Quem é portador de uma dor crônica de difícil diagnóstico e tratamento, como a fibromialgia, vive procurando por soluções mágicas, no começo, e médicas, depois. Há opções mais amenas e menos caras, no entanto. Muito pode ser aprendido, refletindo sobre as histórias de outras pessoas enfrentadas a situações de saúde semelhantes.

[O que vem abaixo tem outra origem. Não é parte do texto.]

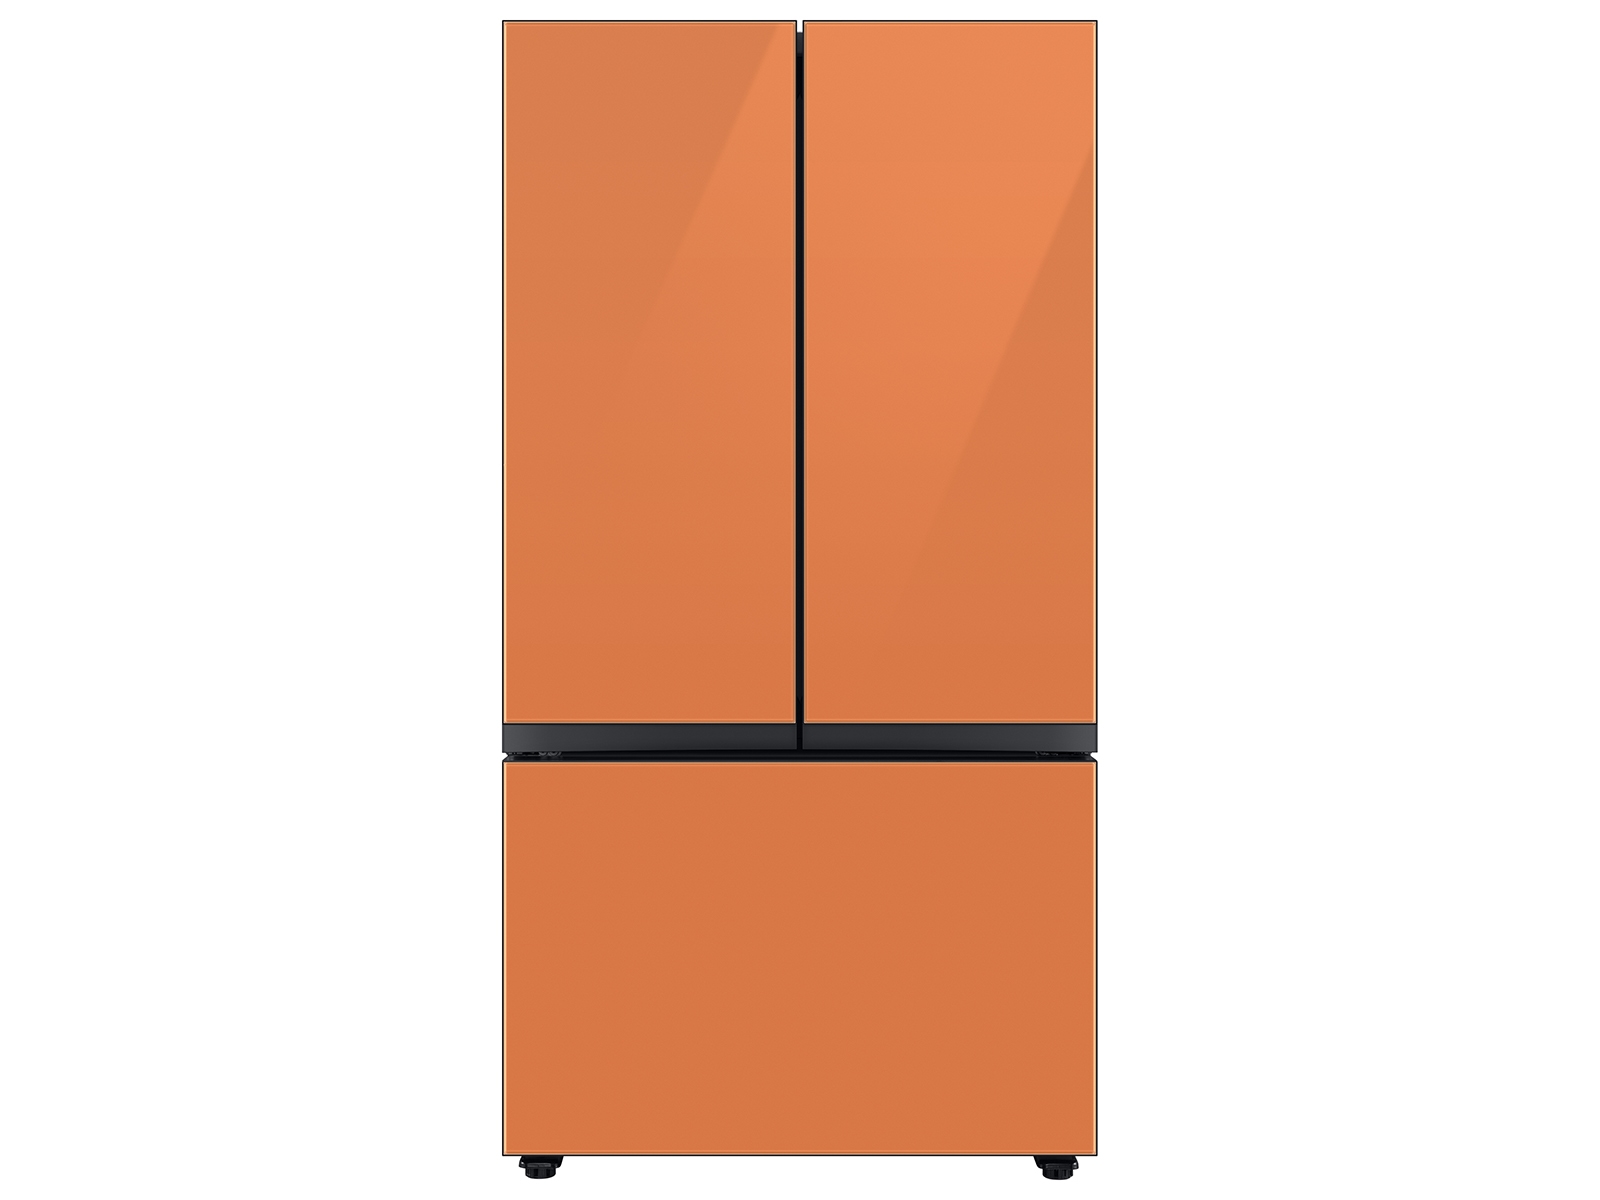 Samsung Bespoke 3-Door French Door Refrigerator (30 cu. ft.) with AutoFill Water Pitcher in Clementine Glass(BNDL-1650467138762)
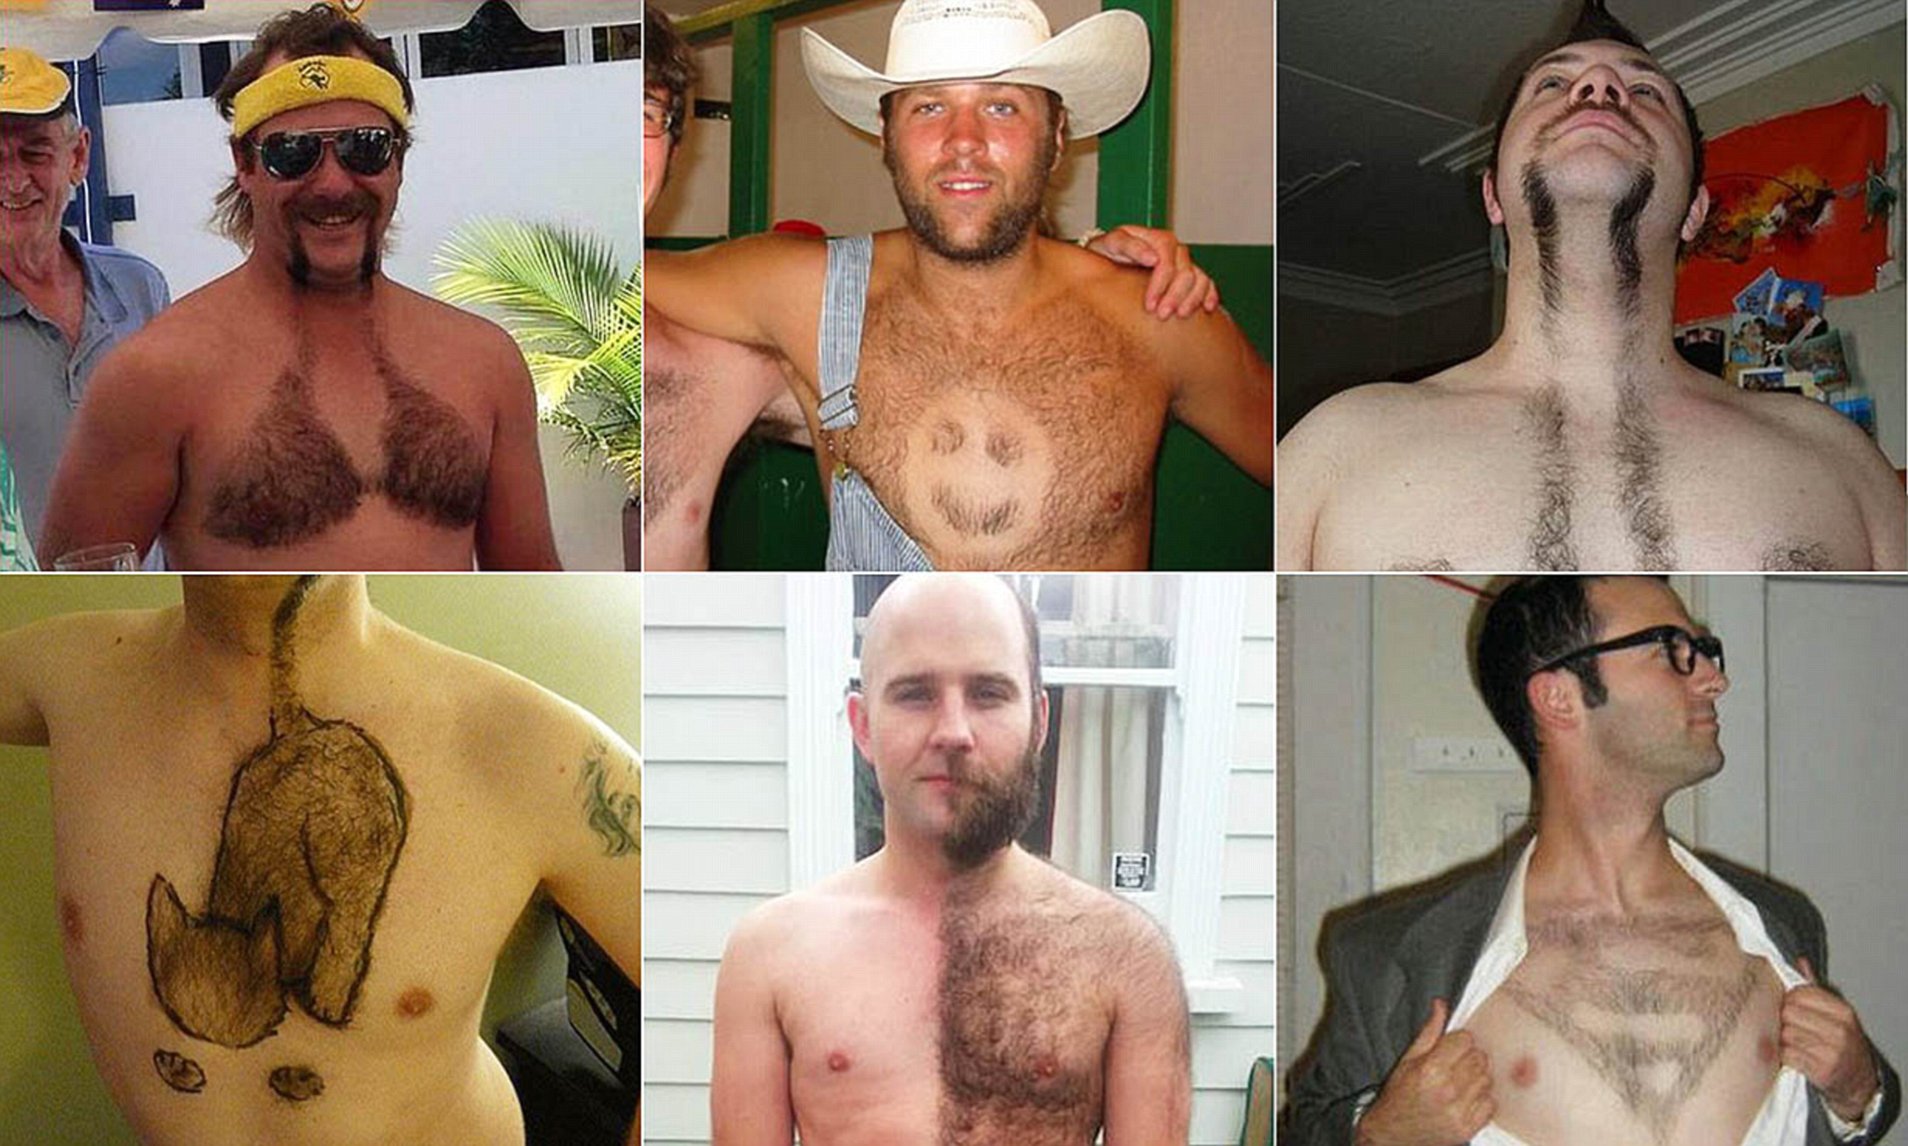 удаления волос на груди у мужчин навсегда фото 116

Tentativas frustradas, acertos às vezes fortuitos – a medicina não é uma ciência exata e o corpo humano pode ter reações surpreendentes – e lições deduzidas da experiência pessoal de A podem ser compartilhadas e beneficiar X, Y e Z. À diferença dos países de língua inglesa, no entanto, são raras as pessoas no Brasil dispostas a expor a história de uma vida sofrida por causa de uma dor que não acaba. Mais incomum ainda, quem possa fazê-lo com clareza e sentimento. A história que você vai ler a seguir, a primeira postada em três anos, é uma exceção. Aproveite-a.
SOBRE MIM
Sou uma mulher de 59 anos, que sofre de Fibromialgia há 25. O que me motiva a compartilhar minha história é o desejo de inspirar pessoas com dor crônica a buscarem na consciência corporal e no autoconhecimento os recursos necessários ao manejo da dor para uma vida plena.
A minha experiência
Aos 37 anos, quando recebi o diagnóstico de Fibromialgia, eu vivia um drama comum a muitas mulheres: a busca pelo sucesso profissional e pessoal, sem deixar de lado a família e os filhos. O tratamento proposto, tendo como base antidepressivos e analgésicos potentes, não funcionou para o meu caso e os efeitos colaterais foram terríveis. A ansiedade por encontrar uma solução milagrosa agravou a situação e, de certa forma, por muitos anos, resignei-me a viver com dor.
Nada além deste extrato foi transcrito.